Remember, you will be standing in front of Jesus’ Judgment Seat who was born, raised, preached and died a Jew.

 

God will curse you because you will have no excuse for your behavior. Your words in this email have condemned you.

 

Joan Slish


Response from MRFF Advisory Board Member Mike Farrell

On Aug 14, 2018, at 3:40 PM,  wrote:

 

Dear (name withheld), (I don’t know if that’s a name or a state of mind. Flagrant Hilarity occurs.)

It does because it’s hilarious to think someone could be so ill-informed, so intentionally cruel and so ignorant

of his (or her) chosen faith and yet call him(or her)self a Christian.

It is painful and embarrassing, I realize, to be so completely, outrageously wrong when making a public declaration like

this silly message you’ve been able to choke out, but with any luck you’ve used a fake address (as do most of the
faux-Christian cowards who compose these tiring and boring attempts at intimidation) and you’ll go along your way,
slandering others who somehow don’t seem to fit your vision of what people are supposed to be or do, based on your
perverted misunderstanding of what Christianity means.

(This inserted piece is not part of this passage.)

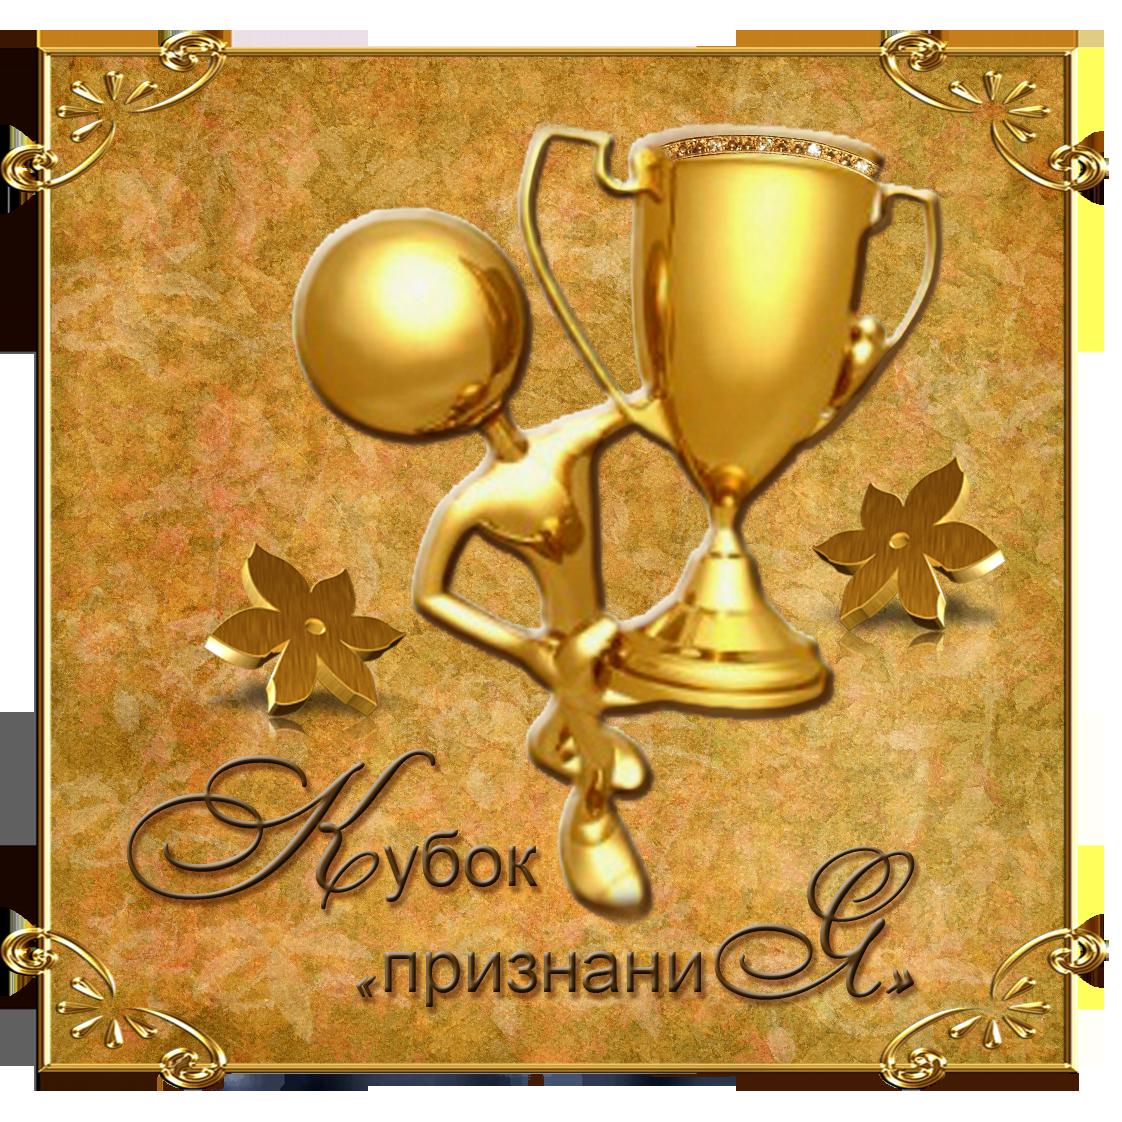 Поздравления с наградой коллеге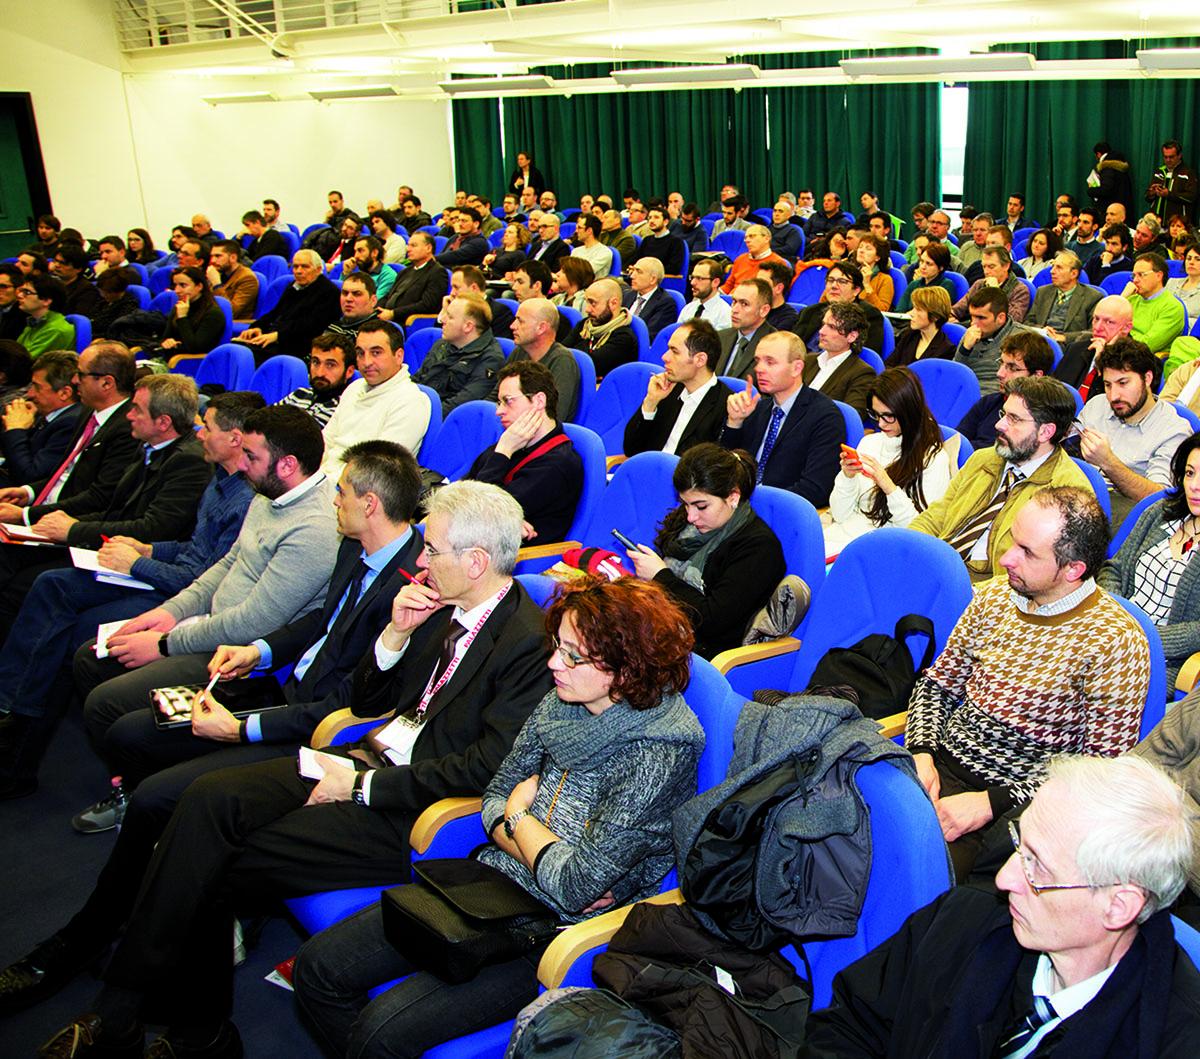 Una sala gremita di pubblico alla fiera Progetto Fuoco

In the meantime, we’ll continue to protect the right of those in the military to believe as one chooses by calling out

arrogant hypocrites like General Teichert who feel it’s perfectly fine to impose their beliefs on those under their power

despite clear military regulations banning such behavior.

As for you, judge how meaningful your imprecatory prayers to Jesus are by the fact that Mikey and the thousands of

women and men in the military he has helped and who continue to be grateful supporters of the MRFF, all thrive and

continue to live lives of pride by the standards of their beliefs in an America where they are free to do so.